Products & Services Solutions Academia Support User Community Company

Learn more about Parallel Computing Toolbox   

Further Notes on Parallel Jobs

Number of Tasks in a Parallel Job

Although you create only one task for a parallel job, the system copies this task for each worker that runs the job. For example, if a parallel job runs on four workers (labs), the Tasks property of the job contains four task objects. The first task in the job's Tasks property corresponds to the task run by the lab whose labindex is 1, and so on, so that the ID property for the task object and labindex for the lab that ran that task have the same value. Therefore, the sequence of results returned by the getAllOutputArguments function corresponds to the value of labindex and to the order of tasks in the job's Tasks property.

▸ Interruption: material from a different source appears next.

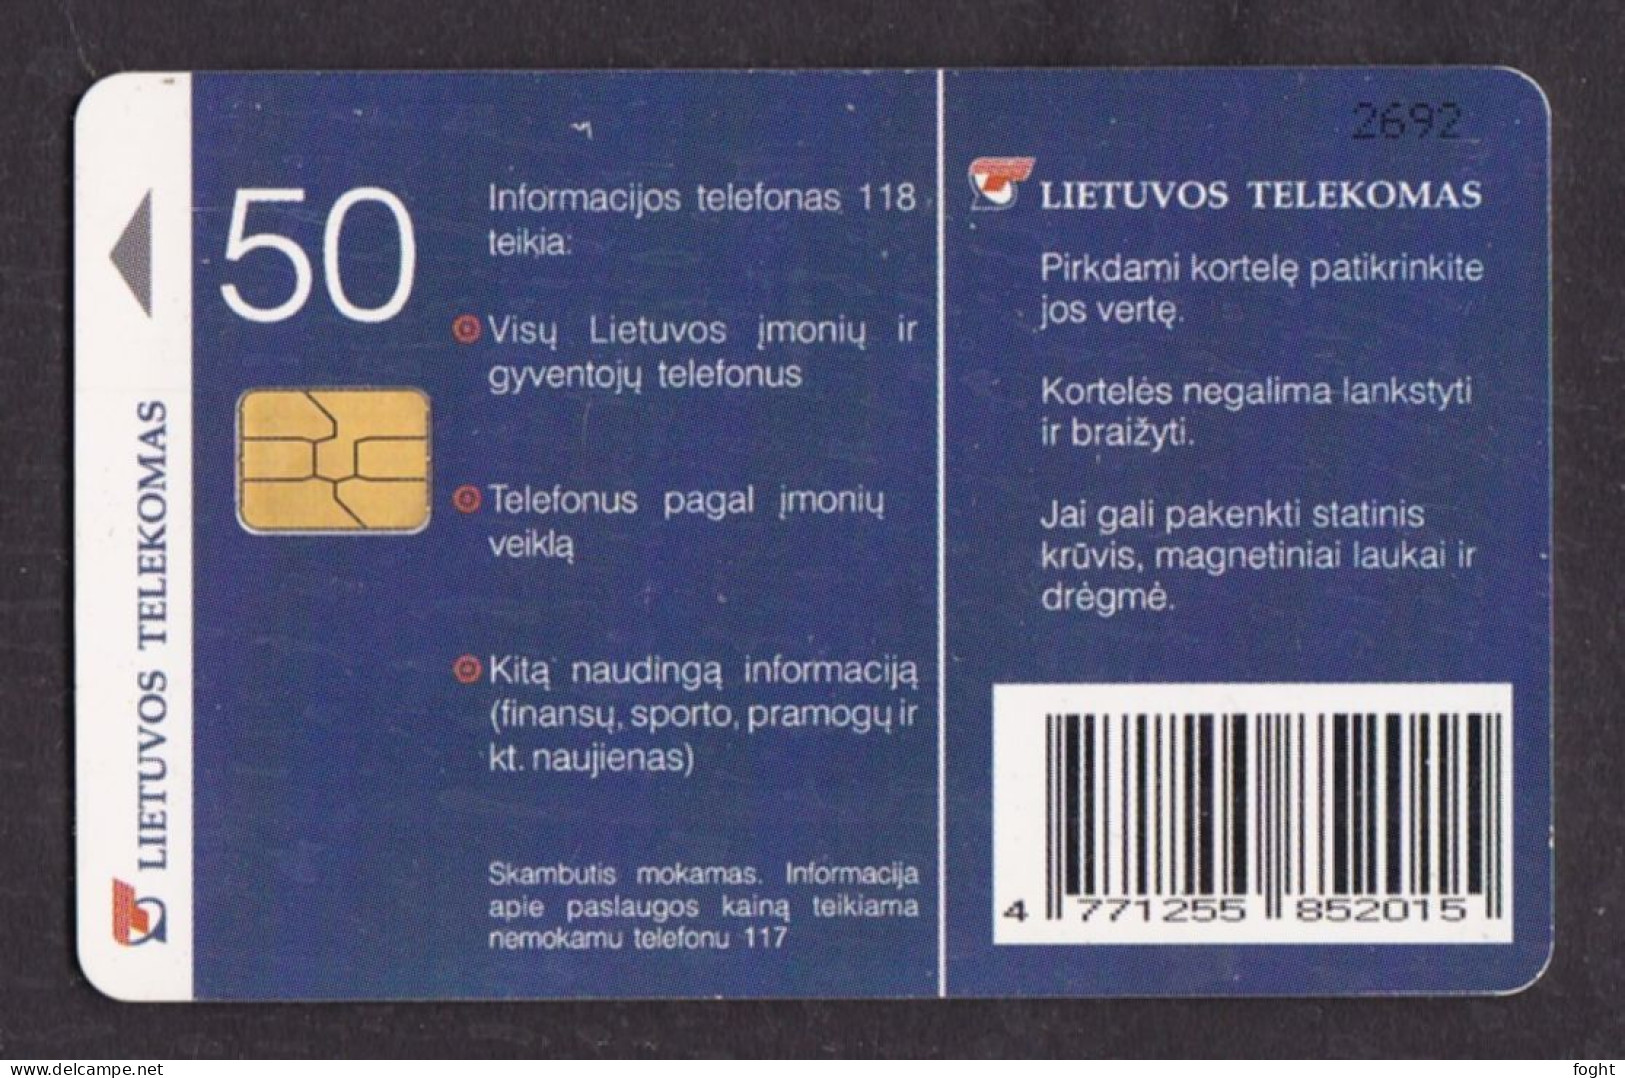 2001 Lietuvos Telekomas Chip Card 118 Information On Telephone 50 Units,Col:LT-LTV-C064 - Lithuania

Avoiding Deadlock and Other Dependency Errors

Because code running in one lab for a parallel job can block execution until some corresponding code executes on another lab, the potential for deadlock exists in parallel jobs. This is most likely to occur when transferring data between labs or when making code dependent upon the labindex in an if statement. Some examples illustrate common pitfalls.

Suppose you have a codistributed array D, and you want to use the gather function to assemble the entire array in the workspace of a single lab.

if labindex == 1
    assembled = gather(D);
end

The reason this fails is because the gather function requires communication between all the labs across which the array is distributed. When the if statement limits execution to a single lab, the other labs required for execution of the function are not executing the statement. As an alternative, you can use gather itself to collect the data into the workspace of a single lab: assembled = gather(D, 1).

In another example, suppose you want to transfer data from every lab to the next lab on the right (defined as the next higher labindex). First you define for each lab what the labs on the left and right are.

from_lab_left = mod(labindex - 2, numlabs) + 1;
to_lab_right  = mod(labindex, numlabs) + 1;

Then try to pass data around the ring.

labSend (outdata, to_lab_right);
indata = labReceive(from_lab_left);

The reason this code might fail is because, depending on the size of the data being transferred, the labSend function can block execution in a lab until the corresponding receiving lab executes its labReceive function. In this case, all the labs are attempting to send at the same time, and none are attempting to receive while labSend has them blocked. In other words, none of the labs get to their labReceive statements because they are all blocked at the labSend statement. To avoid this particular problem, you can use the labSendReceive function.

  


Recommended Products

Includes the most popular MATLAB recorded presentations with Q&A sessions led by MATLAB experts.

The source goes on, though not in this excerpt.